Во-вторых, тождество идеи и вещи и замкнутость сознания на циклы природы определяют его мировоззренческую форму. Она представляет собой круг, который в исторической динамике общества и все большего выделения его из природы развертывается в спираль. Каждая точка этого круга содержит в себе все концы и начала мирового материального (движение вещей) и духовного (движение идей) процессов и, следовательно, может служить субстанциально-генетическим началом любого мировоззренческого построения. Все это определяет одну из сторон стиля предфилософского и раннефилософского сознания индийцев и китайцев:
а) предфилософскому рассуждению безразлично, с чего начинаться — с мирового созвездия или кончика осенней паутинки. В силу принципа совпадения микро- и макрокосма оно развертывается непосредственно на теле всей природы или на отдельной вещи, будь то неорганический предмет или живое существо. Так, например, у индийцев мировоззренческая сущность речи выража- ется на образе молочной коровы, которая есть одновременно природа (зооморфное существо) и род (мать, отец и дети). Она же есть сознание (мысль), символизируемое ее потомством, и она же кормилица всех далеких и близких поколений: перво- предков-богов, предков (старших) и людей (младших). Через живительные восклицания речь вливается в первопредков и человека, оживотворяя их своим словом: «Речь должно почитать, как дойную корову. У нее четыре соска: восклицания «сваха», «вашат», «ханта», «свадха». От двух ее сосков живут боги — от восклицаний «сваха» и «вашат», от восклицания «ханта» — люди, от восклицания «свадха» — предки. Дыхание ее — бык, мысль — теленок» [17, 187]. У древних китайцев примерами построения системы мира и сознания на органической основе живых существ могут служить птица Феникс и панцирь черепахи [ 10, 8; 5, Сицы, шан, И];
б) пластический характер родового сознания имплицирует развитие предфилософского и раннефилософского сознания по законам художественного творчества. Мудрец выступает архитектором природного, человеческого и духовного мироздания, где архетипом избирается природная вещь (древнеиндийская и древнекитайская зоо- и антропокосмогония). Тем самым древнеиндийская и древнекитайская предфилософия и философия принимают вид искусства [см.: 31].

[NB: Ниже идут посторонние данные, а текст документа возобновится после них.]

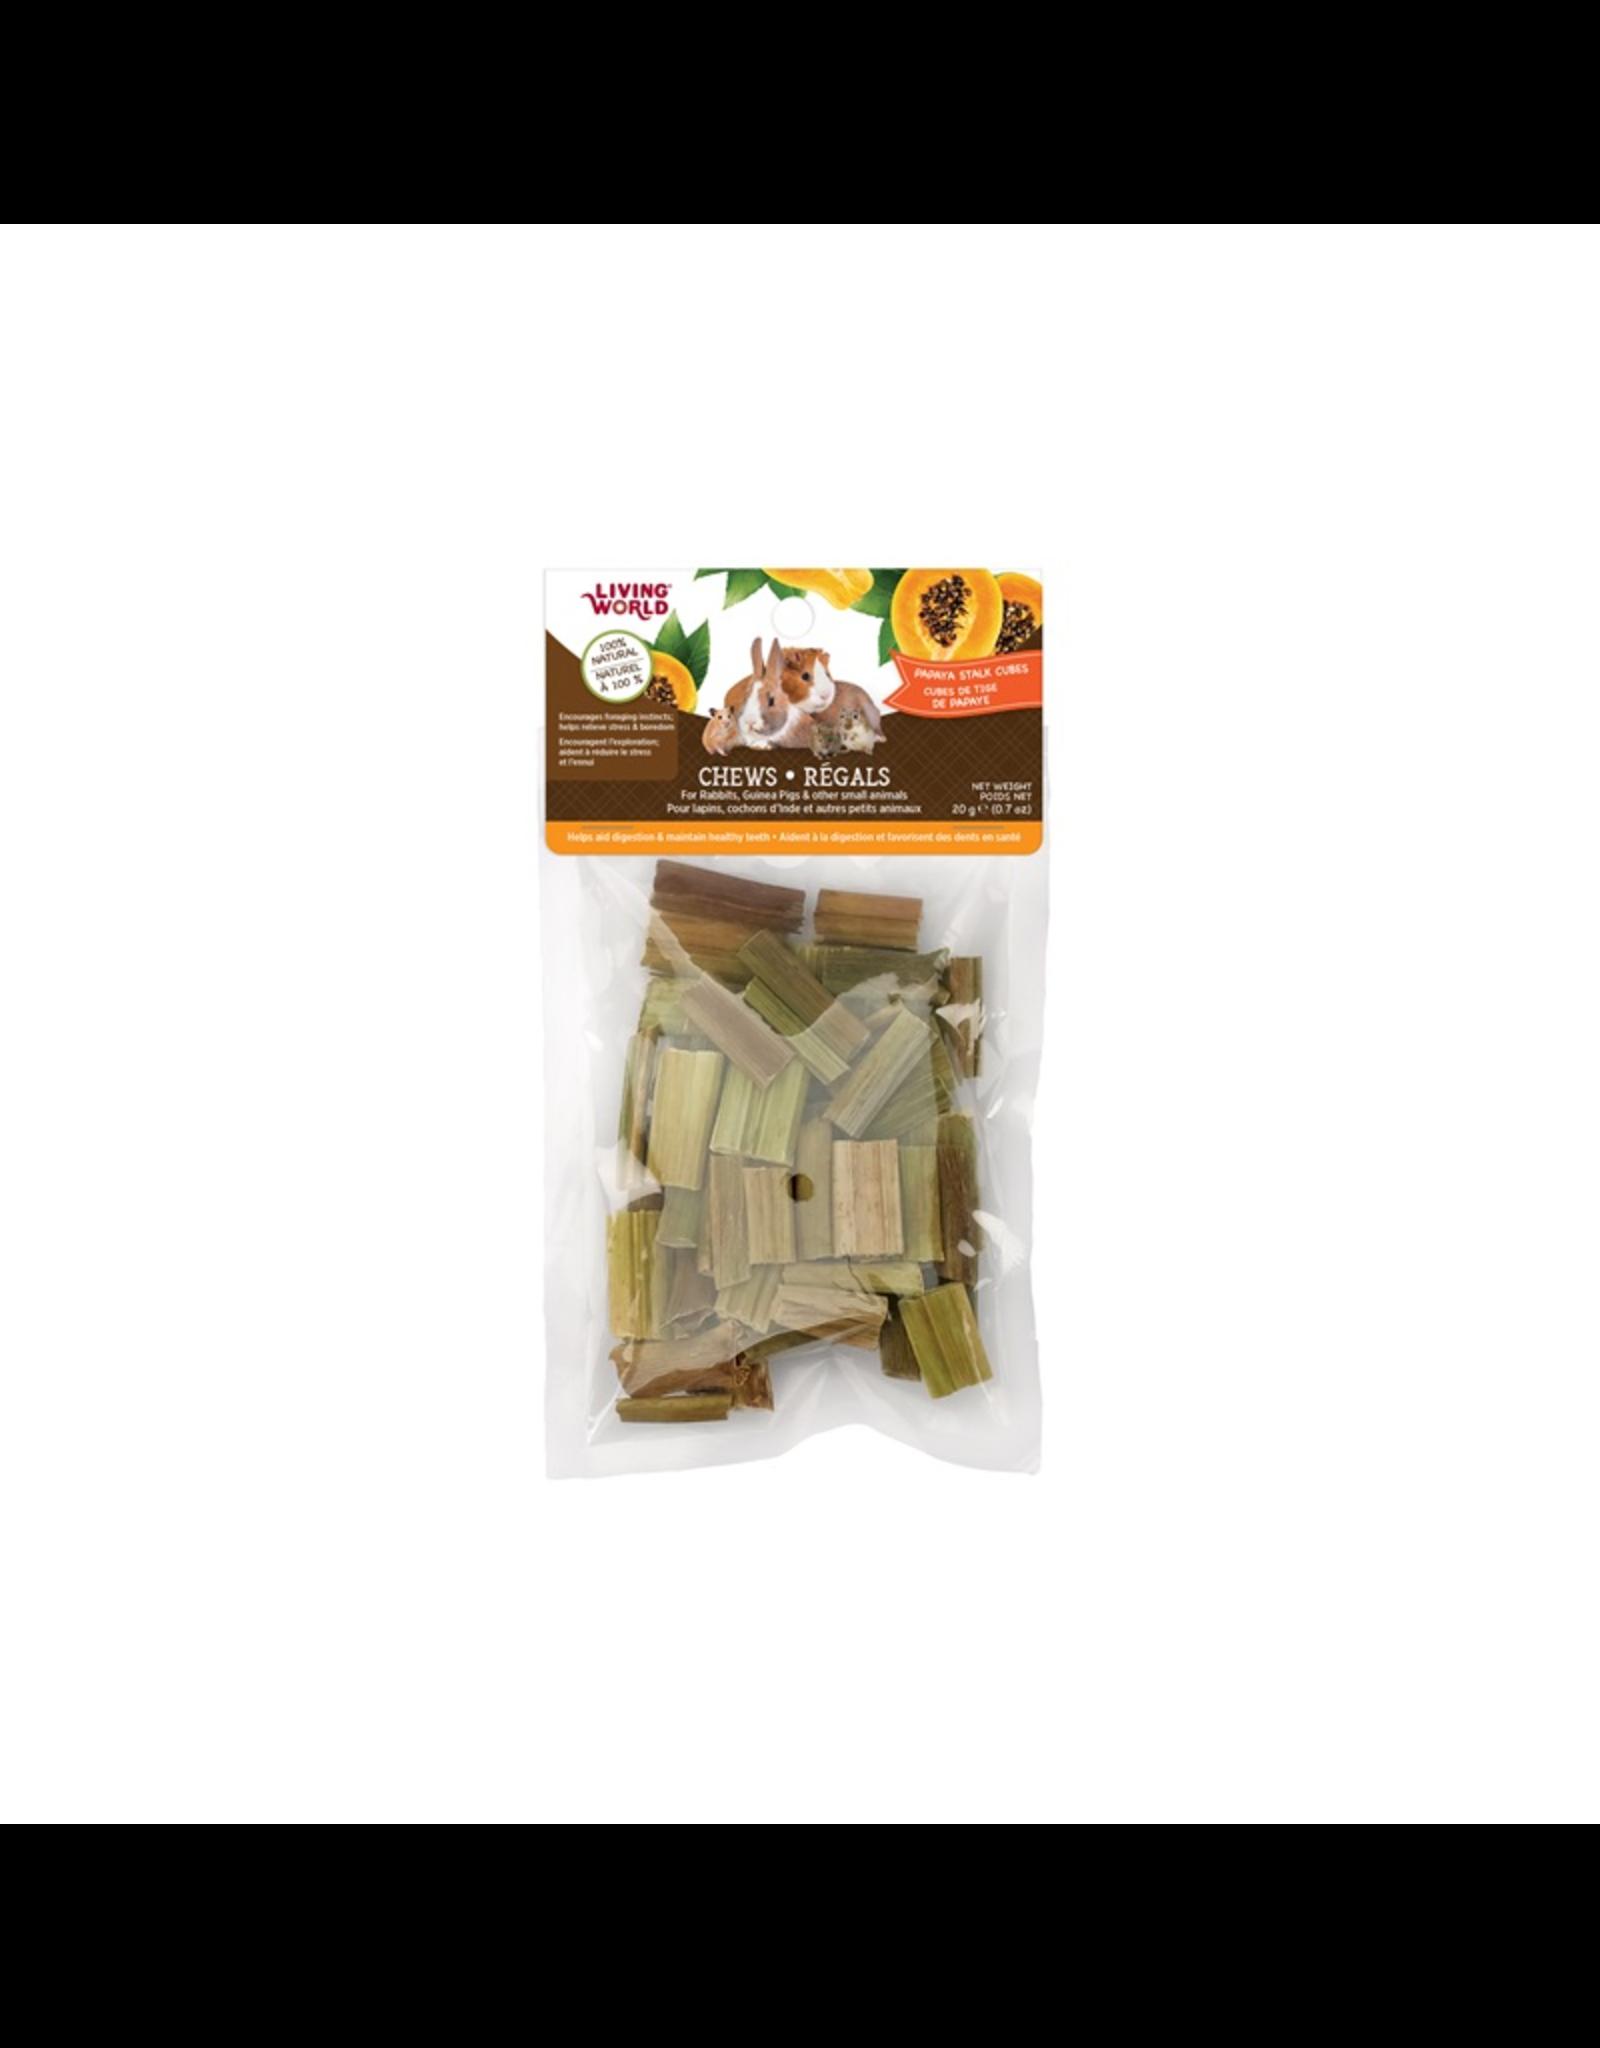 Living World Living World Small Animal Chews, Papaya Stalk Cubes, 20 g

В-третьих, система генетической связи индийских и китайских первопредков как система понятий, вписанных в тело природы и рода, закладывает принципы построения древнеиндийского и древнекитайского философского текста и системы категорий философского сознания.
В-четвертых, циклическое развертывание из первоначала и свертывание в него природно-родовои жизни в философском сознании трансформируется в диалектику единого и многого. Структурное построение родового понятия по принципу дуальной связи мужского и женского начал переходит в диалектику построения философских категорий.
В-пятых, в системе тождества природы и рода активной стороной является род: исторические структурно-функциональные изменения рода меняют и мировоззренческую картину самоотражения человека в зеркале природы.